What They’re Saying:
"Veterans with significant disabilities are often shut out of HUD housing assistance programs due to their restrictive eligibility criteria,” said Heather Ansley, Esq., MSW, Associate Executive Director of Government Relations, Paralyzed Veterans of America (PVA). “PVA thanks Rep. Carbajal for introducing the Home for the Brave Act that seeks to remove impediments to affordable housing for these veterans."
“More than half of homeless veterans have disabilities, many of which are service-connected by VA. We must ensure these individuals have the support they need and are not unfairly penalized for their disability compensation when seeking support through housing assistance programs,” said DAV National Legislative Director Joy Ilem. “We thank Congressman Carbajal for highlighting this injustice through the Home for the Brave Act, and are pleased to support this legislation to expand housing options for our nation’s disabled veterans.”
“The VFW supports this legislation to ensure veterans will be able to fully utilize their earned benefits without the penalty of financial offsets,” said VFW Director of National Legislative Services, Patrick Murray. “Using one earned VA benefit should never prevent a veteran from using another unrelated benefit. The VFW is glad to see this issue has the bipartisan support it deserves, and we thank Congressmen Carbajal and Smucker for making this a priority.”
"Every US citizen is deeply indebted to all those who wear the American flag on their uniform, and it is time for us to pay back that debt by ending homelessness among anyone who was ever enlisted in the armed forces,” said Executive Director of the National Coalition for the Homeless Donald Whitehead.
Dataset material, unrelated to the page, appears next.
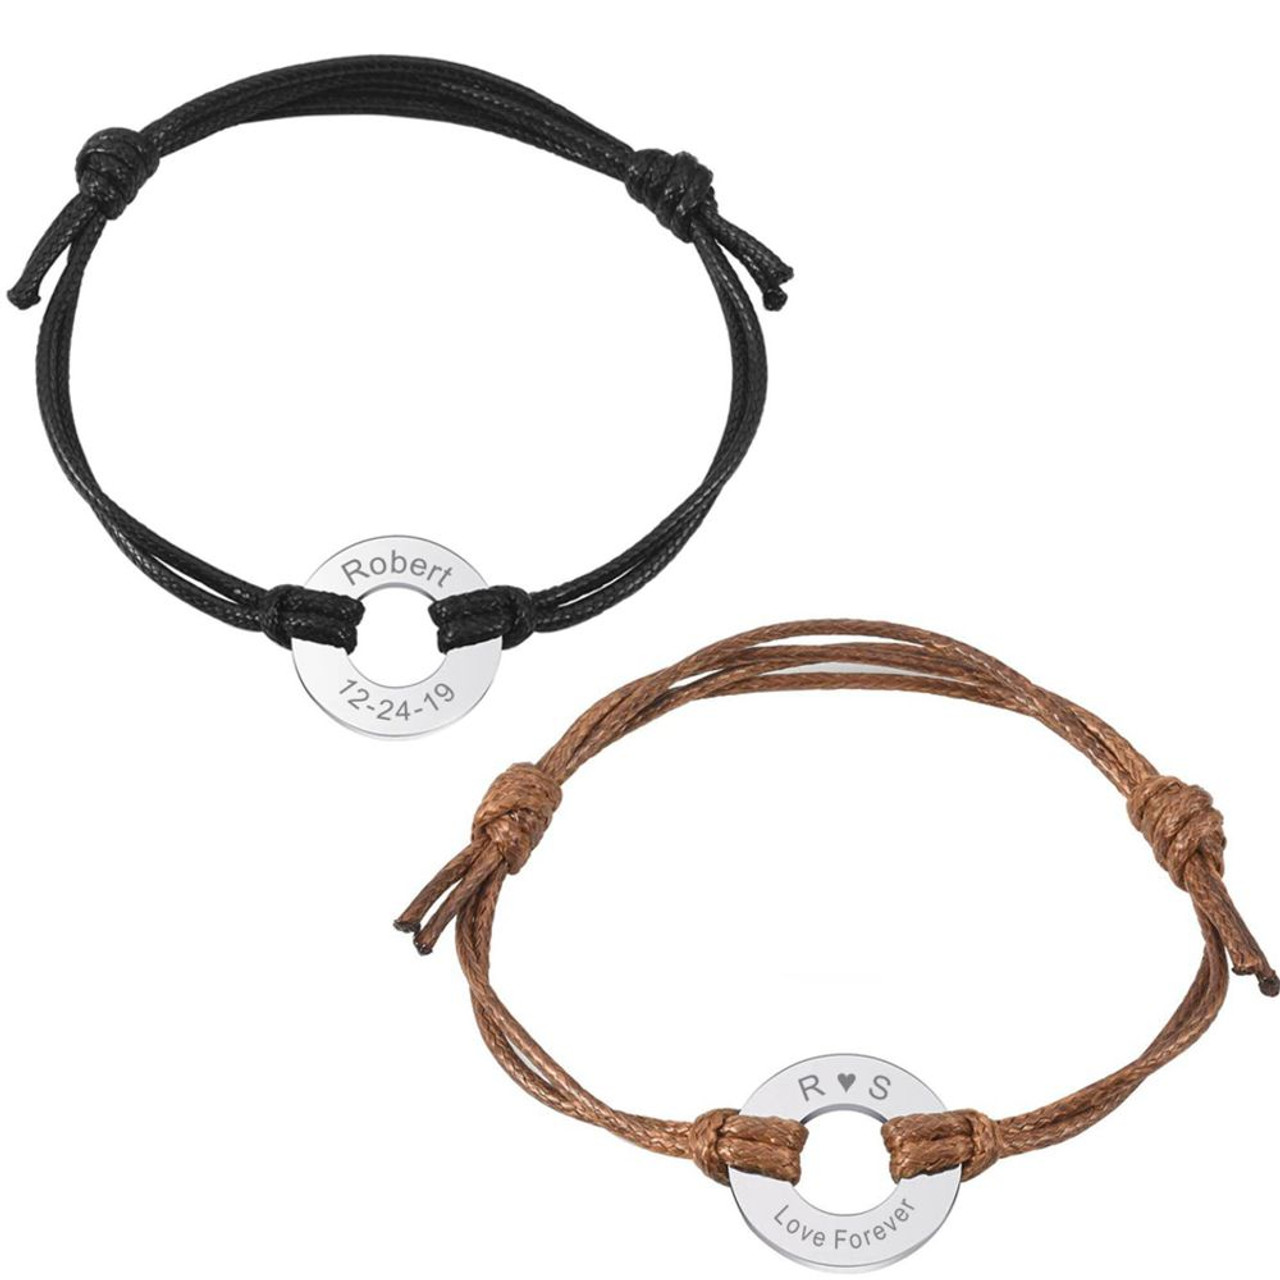 Shop High Quality Leather Rope Bracelets Personalized Gift Item

By making housing more affordable to disabled veterans, we move closer to the day when our nation's veterans do not have to deal with all the long term health consequences associated with living on the streets."
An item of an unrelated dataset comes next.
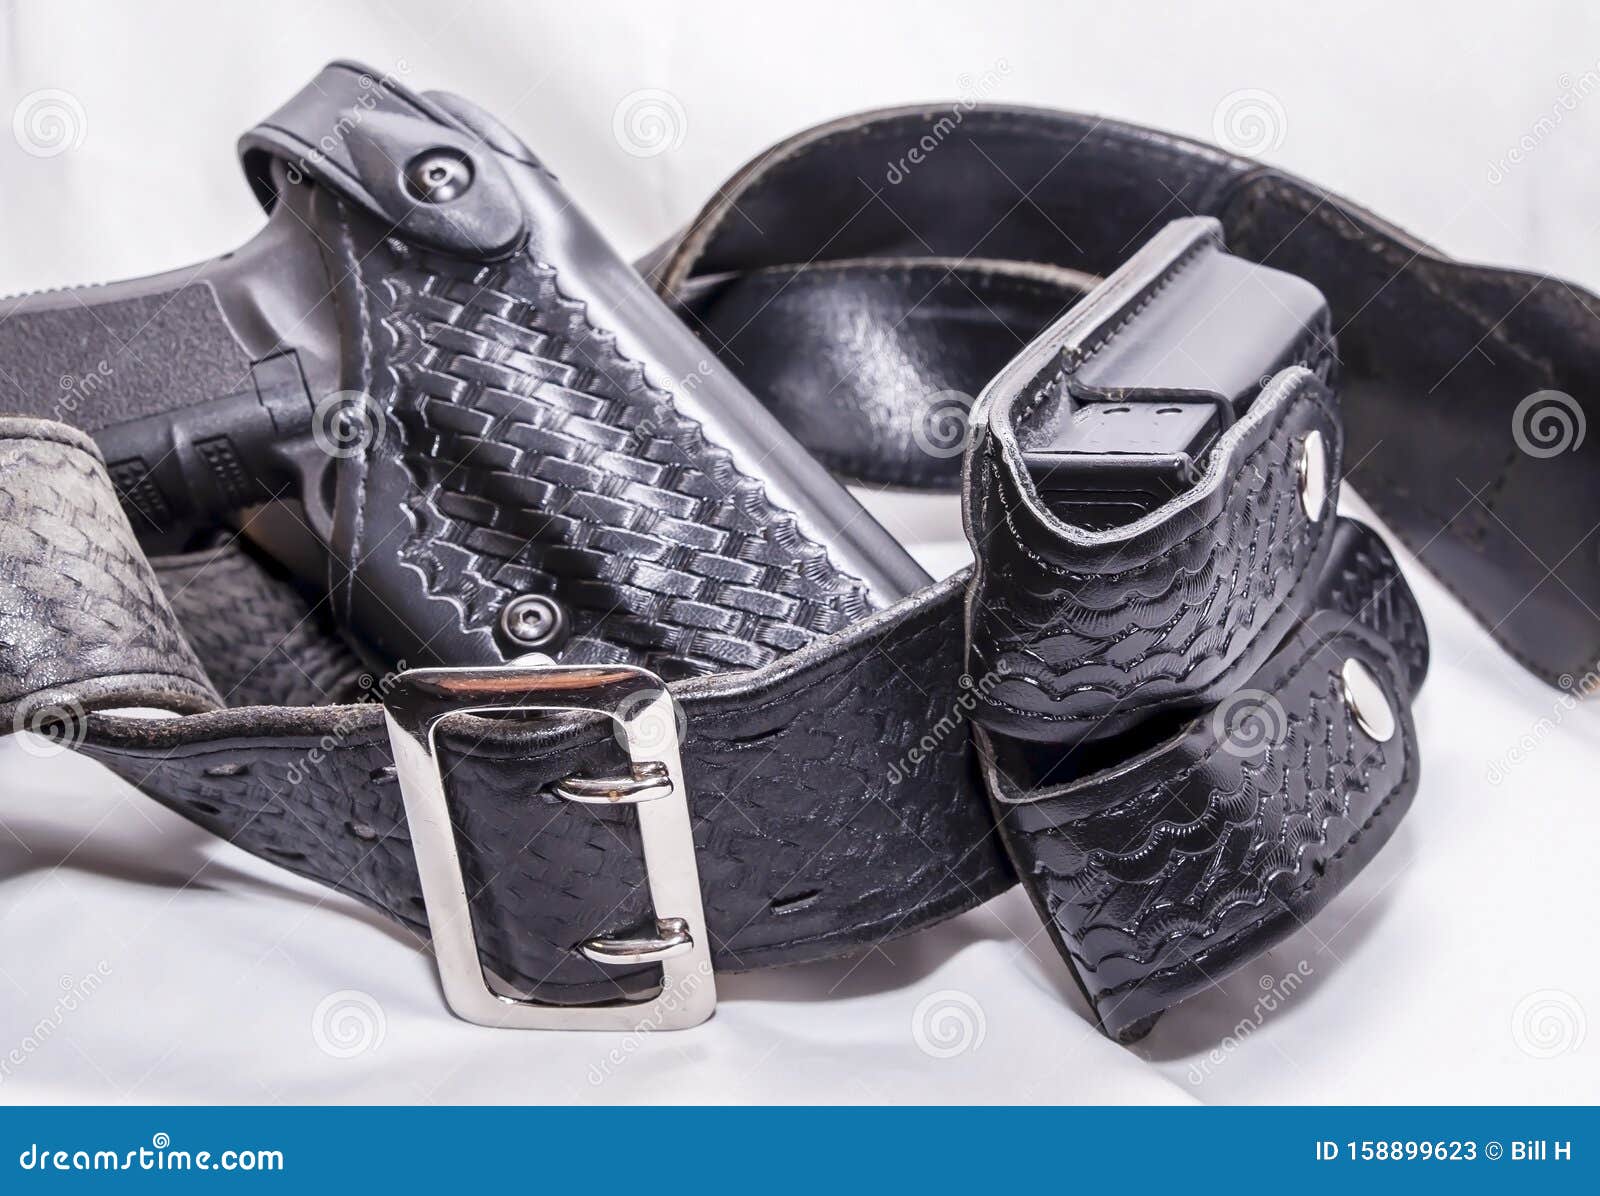 a worn police duty belt with a black pistol and two pistol magazine case wrapped up

“The bipartisan Home for the Brave Act provides an essential fix to help our nation’s homeless veterans ensure they have expanded housing opportunities. Service-disabled veterans are receiving payments because they were harmed serving our country and any payments we owe them should not limit access to housing assistance programs when they are in need,” said Lt. Gen. Dana T. Atkins, USAD (Ret), President and CEO of the Military Officers Association of America. “MOAA thanks Reps. Carbajal and Smucker for their leadership on this issue and for encouraging Congress to move swiftly and pass this bill.”
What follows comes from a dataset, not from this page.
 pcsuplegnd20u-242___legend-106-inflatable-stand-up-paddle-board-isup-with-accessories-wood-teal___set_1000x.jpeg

“No veteran should face housing discrimination based on their service-connected disability, but right now that is exactly what many face with Department of Housing & Urban Development (HUD) housing assistance programs,” said National Commander James W. “Bill” Oxford, The American Legion. “The American Legion is proud to stand with Representative Carbajal in support of the Home for the Brave Act, which would close the loophole that counts service-related disability benefits as income for consideration of housing assistance programs.”
Rep. Salud Carbajal represents California’s 24th congressional district, encompassing Santa Barbara, San Luis Obispo and part of Ventura County. He sits on the House Armed Services Committee, Agriculture Committee, and Transportation and Infrastructure Committee, where he serves as the Chair of the Subcommittee on Coast Guard and Maritime Transportation.